Svaneke Lighthouse (Svaneke Fyr) is located southeast of Svaneke harbour on the Danish island of Bornholm. The overall height of the tower is 18 m.

==History and description==
In March 1914, as a result of wind and fog, the Polish schooner Louise & Helene went aground at Hullenakke off the coast of Svaneke. As Poland did not exist as an independent state at that time the ship should properly have been identified as coming from the German Empire, the country that controlled the Baltic coast of the region until after the First World War and the creation of Poland.

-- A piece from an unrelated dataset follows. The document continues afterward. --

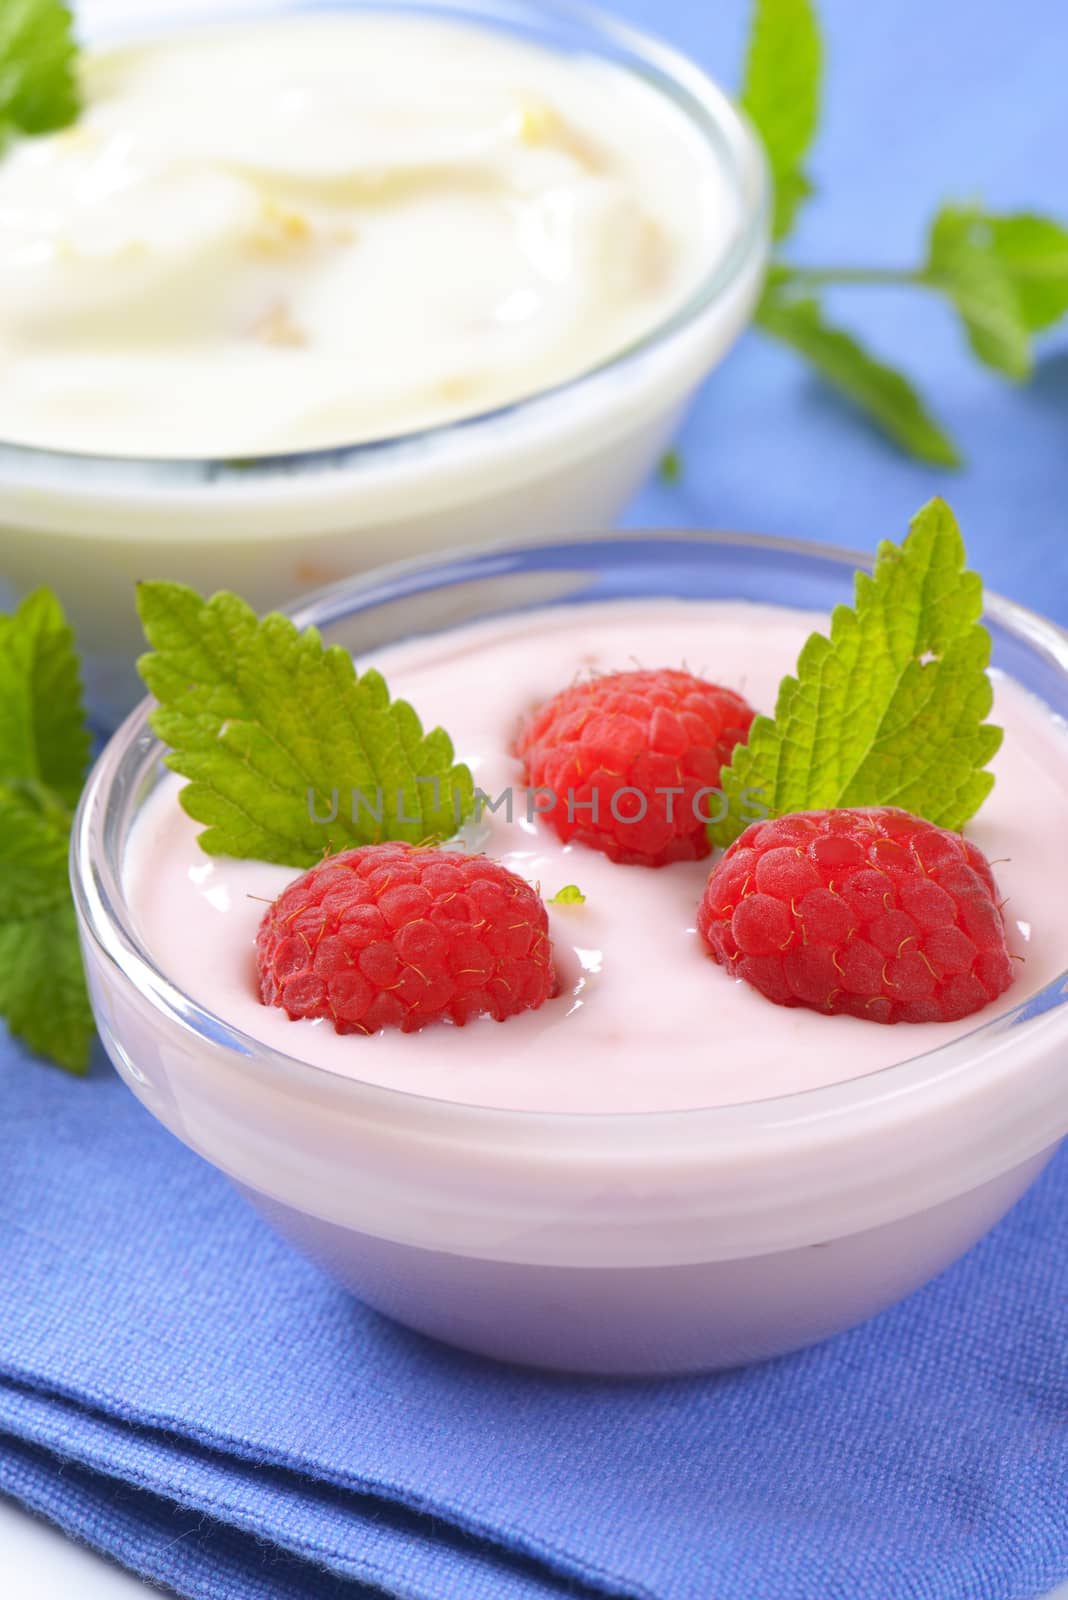 bowls of fruit yogurt by Digifoodstock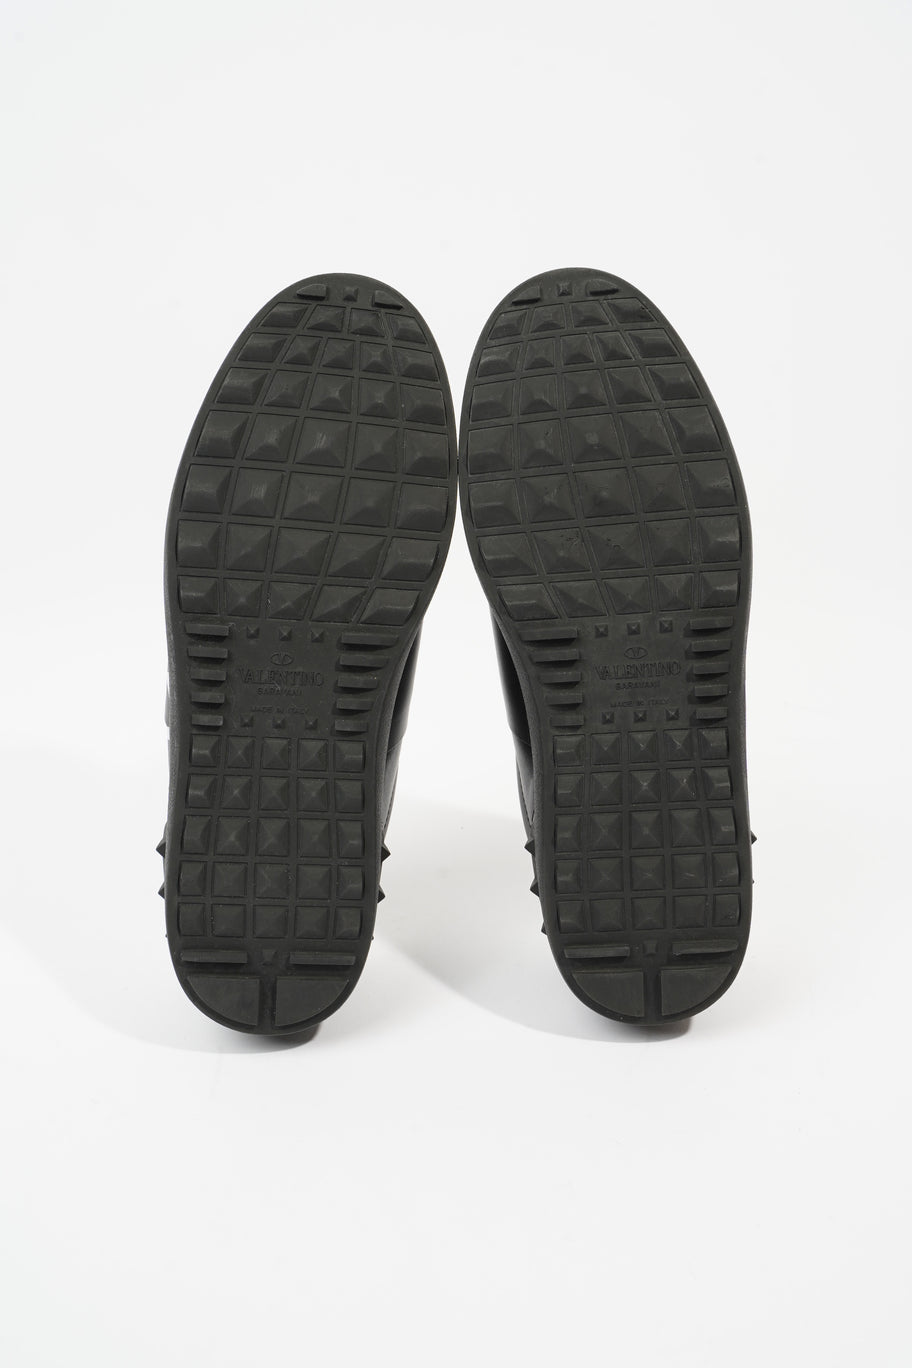 Open VLTN Sneaker Black / White Tab Leather EU 40 UK 6 Image 7

The ship was broken up on the rocks and its crew of three all drowned. As a result, the city council provided a plot of land for a lighthouse on Hullenakke. The architect Otto Bertlesen was invited to design the building which was completed in 1919. The base of the rather unusual square-shaped building is in Nexø granite while the tower itself is built of sandstone, 15 m in height. In January 1920, a temporary light was placed on the platform and in August 1920 the final fixtures were added and the lighthouse came into full operation. As the lighthouse was also to provide fog warnings, a foghorn was installed which was operated by compressed air from an engine in the machine house. Living quarters for the lighthouse keeper and his family were also constructed on the site. In 2010, the lighthouse was taken out of commission and sold into private ownership the following year after heritage protection had been denied.

==Location==
The lighthouse is situated on Sandkås Odde to the east of the fishing port of Svaneke close to a little inlet known as Hullehavn with excellent swimming.